Healthy Diet for Seniors and its Benefits

November 21st, 2015 by Doris Bersing

healthy foods for seniorsOur regular collaborator, Edward Francis with alerts us that trying to stay healthy as we age can be a bit of a challenge, and it’s even more difficult to try and encourage someone else to be healthy. He says: “…But there are many benefits of having a healthy diet as a senior, so it’s definitely worth the effort. Here’s just a few of the main benefits of having a healthy diet as a senior:

Reduce Risk of Heart Issues

As we get older, our heart is already at a higher risk of suffering from issues – whether that’s heart attacks, heart disease or other similar problems. Making sure you have a healthy diet is one way to lower these risks and keep your heart in top shape. But what exactly is a heart healthy diet? Portion size is important here – eating too much of even the best things isn’t great for you. There’s no need to cut the size so much that you’re hungry, but learning not to overfill your plate is a great foundation for building a healthy diet on. Other key aspects of a heart healthy diet include eating more fruit and vegetables, swapping to whole grains, and limiting unhealthy fats. It’s important to note that it’s only unhealthy fats – there’s no need to cut out fat altogether!

Have More Energy

It’s common for older people to begin to feel lethargic and low on energy. Part of this is simply because of aging, but it’s often something worsened by underlying issues – such as depression, or a poor diet. Swapping to a healthier diet is a quick way to give yourself an energy boost. If this is the main benefit that interests you, there are some specific tips you should follow. Firstly, make sure you’re eating breakfast! This is a vital part of both eating healthily and keeping your energy rates high. If you’re really struggling to eat a full meal in the mornings, even snacking on a breakfast bar is better than not eating. Complex carbohydrates are a must – starchy foods such as potatoes are a great source of these. And finally – make sure you’re drinking plenty of water. Being dehydrated saps away energy, and making sure you’re drinking lots throughout the day is a great way to feel refreshed.

Strong Bones

One risk for seniors is brittle bones – it’s why there’s an increased risk of hip fractures from falls, for instance. Whilst this isn’t entirely avoidable, it is possible to lessen the impact by ensuring you’re eating correctly. Calcium and vitamin D are the most important things to consider here. Vitamin D is often hard to get enough of through diet alone, so we recommend taking a supplement in order to ensure you reap the benefits. As for calcium, milk and yogurt are key sources, but you should also consider increasing the amount of green leafy vegetables and nuts that you eat, as these are great secondary sources. It’s also important to remain active – in this case, diet can only go so far, so making sure you get a regular amount of exercise (even if it’s only a small amount) is vital.

Keep Your Mind Sharp

There’s a lot of discussion on the best way to keep your mind sharp as you age – from doing sudoku to taking long walks. One thing everyone agrees on though is that your diet plays a massive part of it. Starting to eat more healthily can has major benefits for your mind, and if you’re concerned about issues like dementia or Alzheimer’s, then it’s a quick and easy change with a big impact. If this is the thing you’re most concerned about, then a big thing to add into your diet is omega-3s. Foods like salmon are the obvious choice, but did you know you can also get the same effects from flax seeds? Green tea is another worthwhile addition, as it’s great for countering free radicals – the things most likely to be responsible for age-related mind issues.

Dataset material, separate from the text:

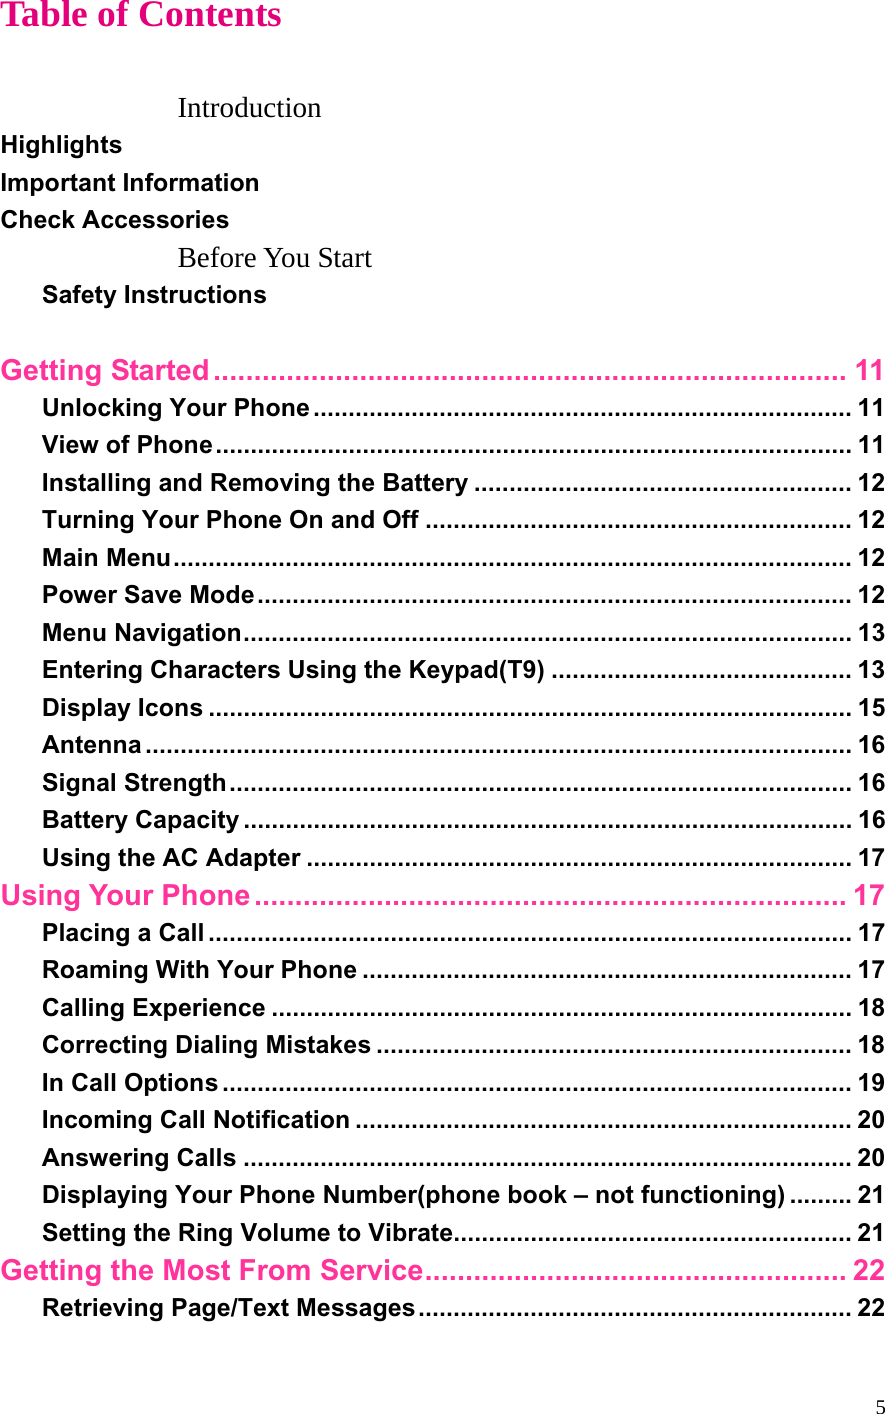 5 Table of Contents  Introduction Highlights Important Information Check Accessories Before You Start Safety Instructions  Getting Started.............................................................................. 11 Unlocking Your Phone ............................................................................. 11 View of Phone........................................................................................... 11 Installing and Removing the Battery ...................................................... 12 Turning Your Phone On and Off ............................................................. 12 Main Menu................................................................................................. 12 Power Save Mode..................................................................................... 12 Menu Navigation....................................................................................... 13 Entering Characters Using the Keypad(T9) ........................................... 13 Display Icons ............................................................................................ 15 Antenna ..................................................................................................... 16 Signal Strength......................................................................................... 16 Battery Capacity ....................................................................................... 16 Using the AC Adapter .............................................................................. 17 Using Your Phone ......................................................................... 17 Placing a Call ............................................................................................ 17 Roaming With Your Phone ...................................................................... 17 Calling Experience ................................................................................... 18 Correcting Dialing Mistakes .................................................................... 18 In Call Options .......................................................................................... 19 Incoming Call Notification ....................................................................... 20 Answering Calls ....................................................................................... 20 Displaying Your Phone Number(phone book – not functioning) ......... 21 Setting the Ring Volume to Vibrate......................................................... 21 Getting the Most From Service.................................................... 22 Retrieving Page/Text Messages.............................................................. 22

These are just a few of the potential benefits gained from having a healthy diet – there are many more, and it’s something worth discussing with a medical professional if you have any queries about. Just be aware that the portions deemed healthy for a senior are likely to differ from what’s considered healthy for a younger adult, so make sure to do the research and not overload with food by mistake. Everything calls, of course for balance. That what you like and that what you must have versus what improves your quality of life. A difficult balance to keep and yet, a token for quality of life.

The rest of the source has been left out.